BRIEF
Reproduce exactly, with no pictures, each line from the opening of the material down through the line containing "Los peatones caminar".

[[ COLLECTED MATERIAL, beginning ]]

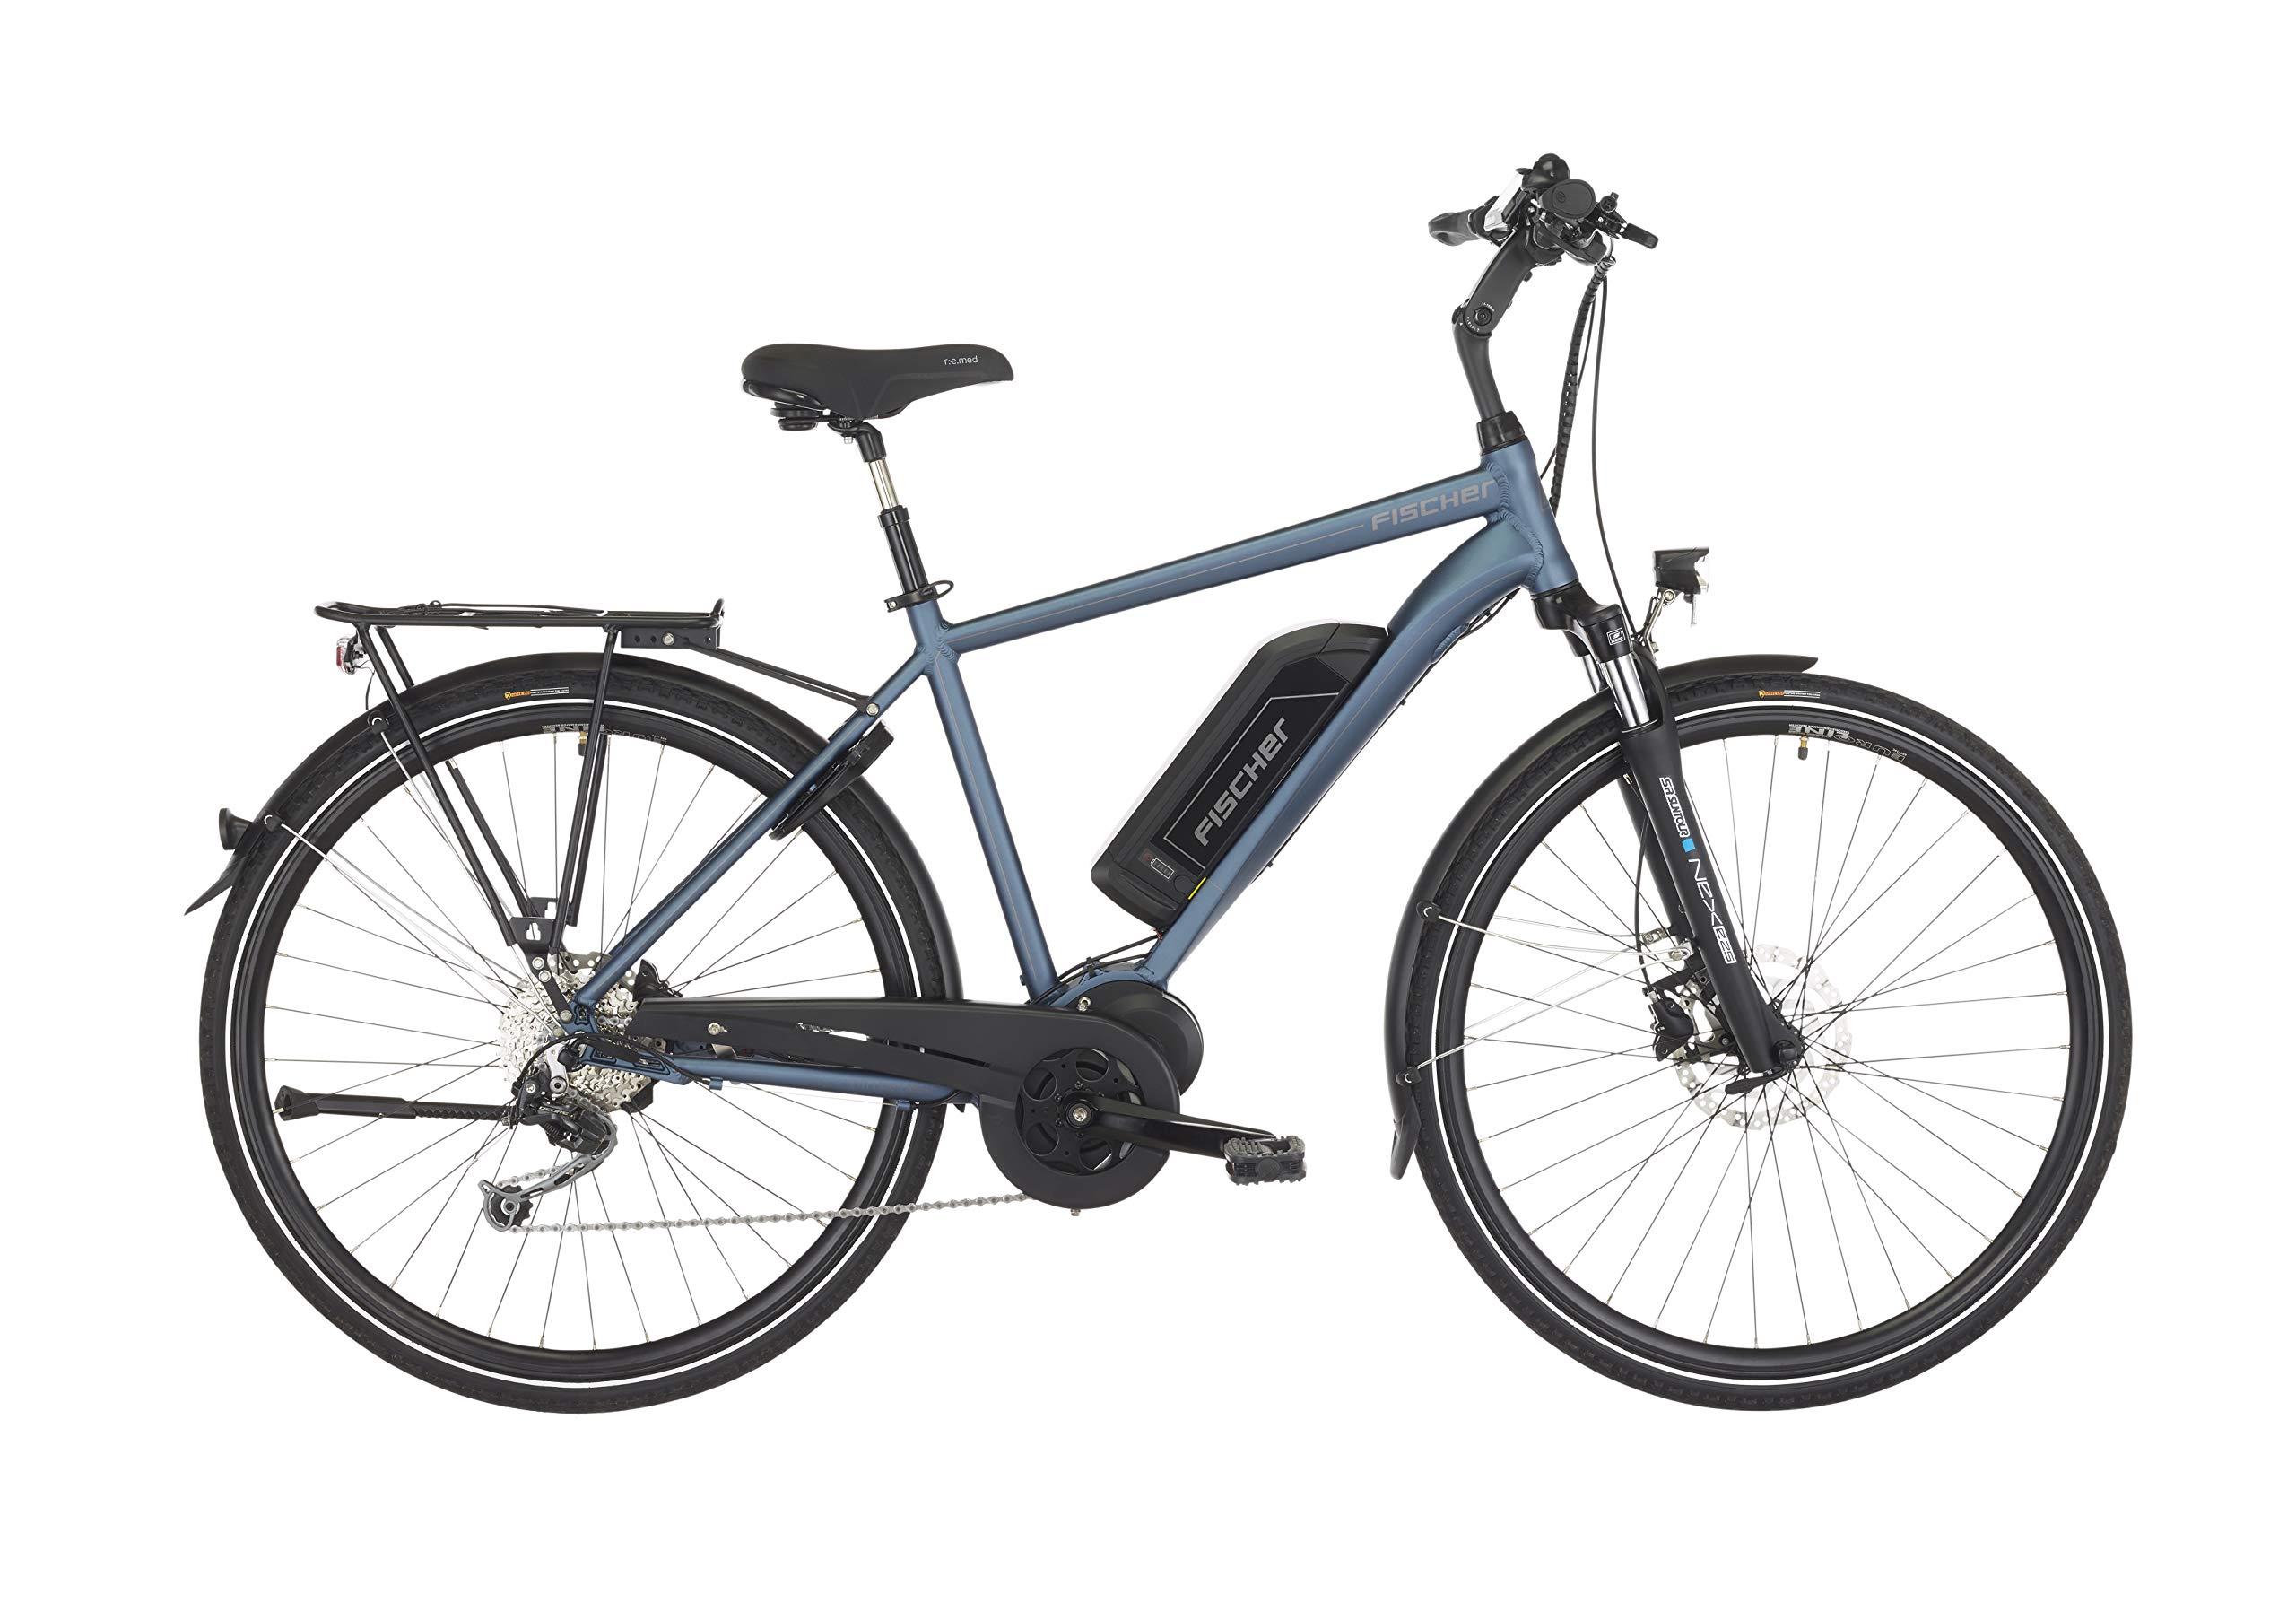 Fischer ETH 1820 (2019) 28 Zoll Herren Trekking E-Bike, RH 50 cm, Mittelmotor, saphirblau
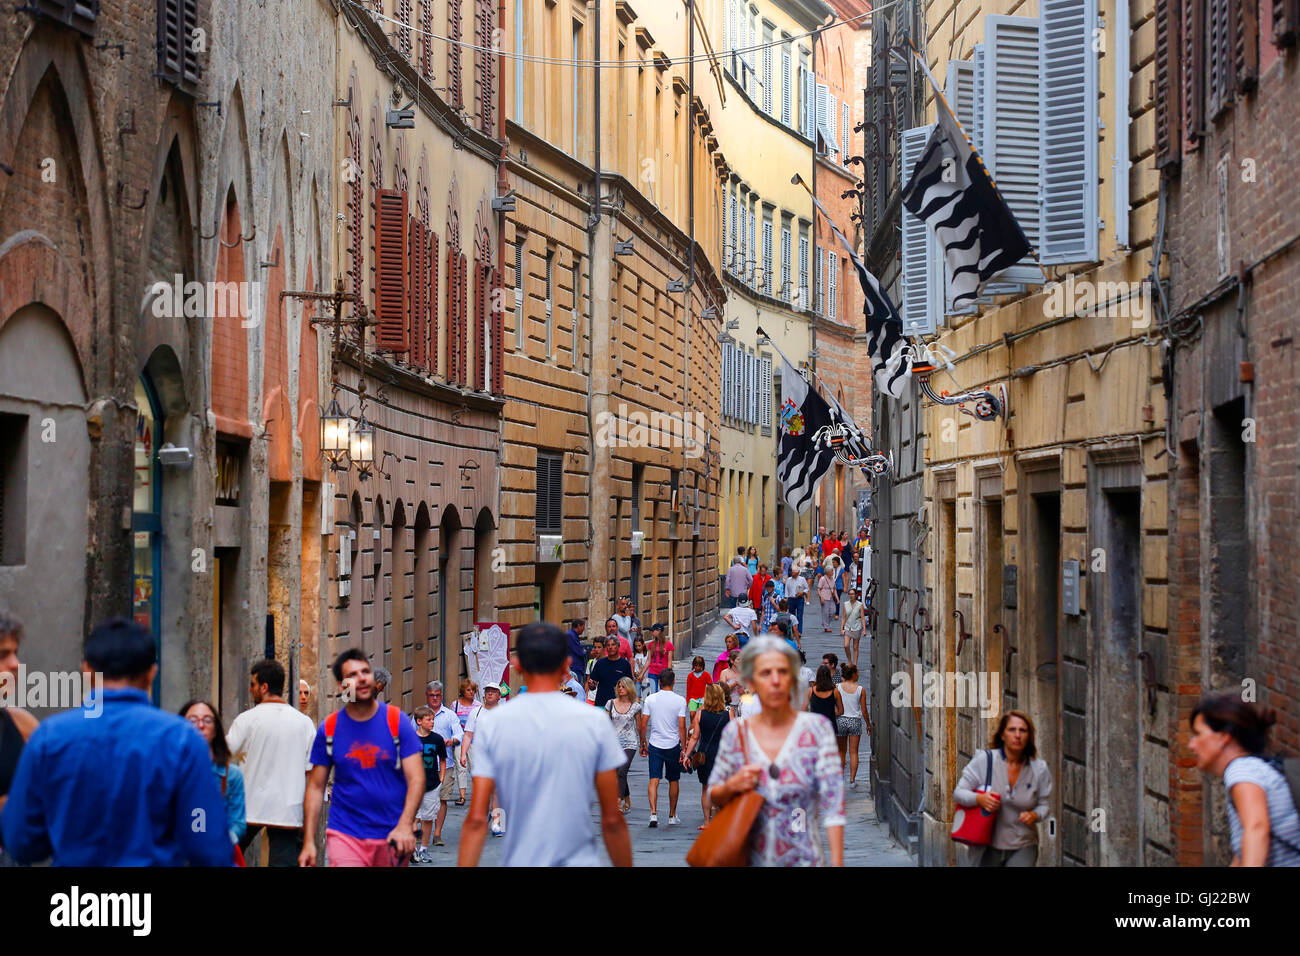 Los peatones caminar a lo largo de Via Montanini en Siena, Italia. Imagen De Stock
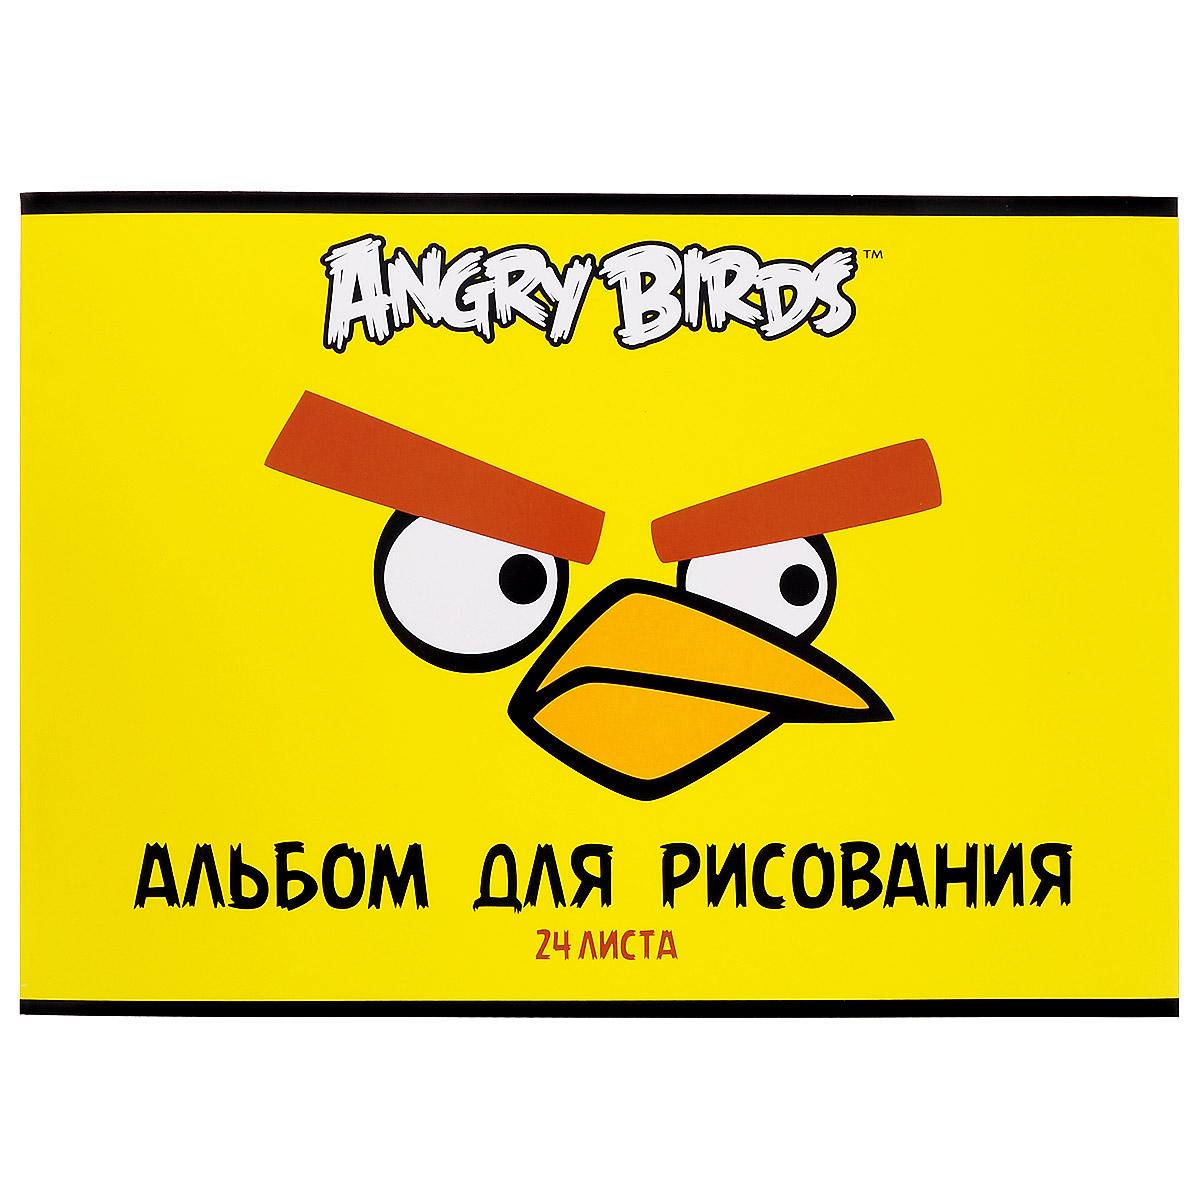 Альбом для рисования Angry Birds, 24 листа. 24А4вмB_1035624А4вмB_10356Альбом для рисования Angry Birds с ярким изображением любимого мультипликационного героя на обложке будет радовать и вдохновлять юных художников на творческий процесс. Бумага альбома отличается высокой прочностью. Обложка выполнена из мелованного картона. Крепление - скрепки. Рисование позволяет развивать творческие способности, кроме того, это увлекательный досуг. Рекомендуемый возраст: 6+.

[[ COLLECTED MATERIAL, end ]]

RESULT
 Fischer ETH 1820 (2019) 28 Zoll Herren Trekking E-Bike, RH 50 cm, Mittelmotor, saphirblau
 Los peatones caminar a lo largo de Via Montanini en Siena, Italia. Imagen De Stock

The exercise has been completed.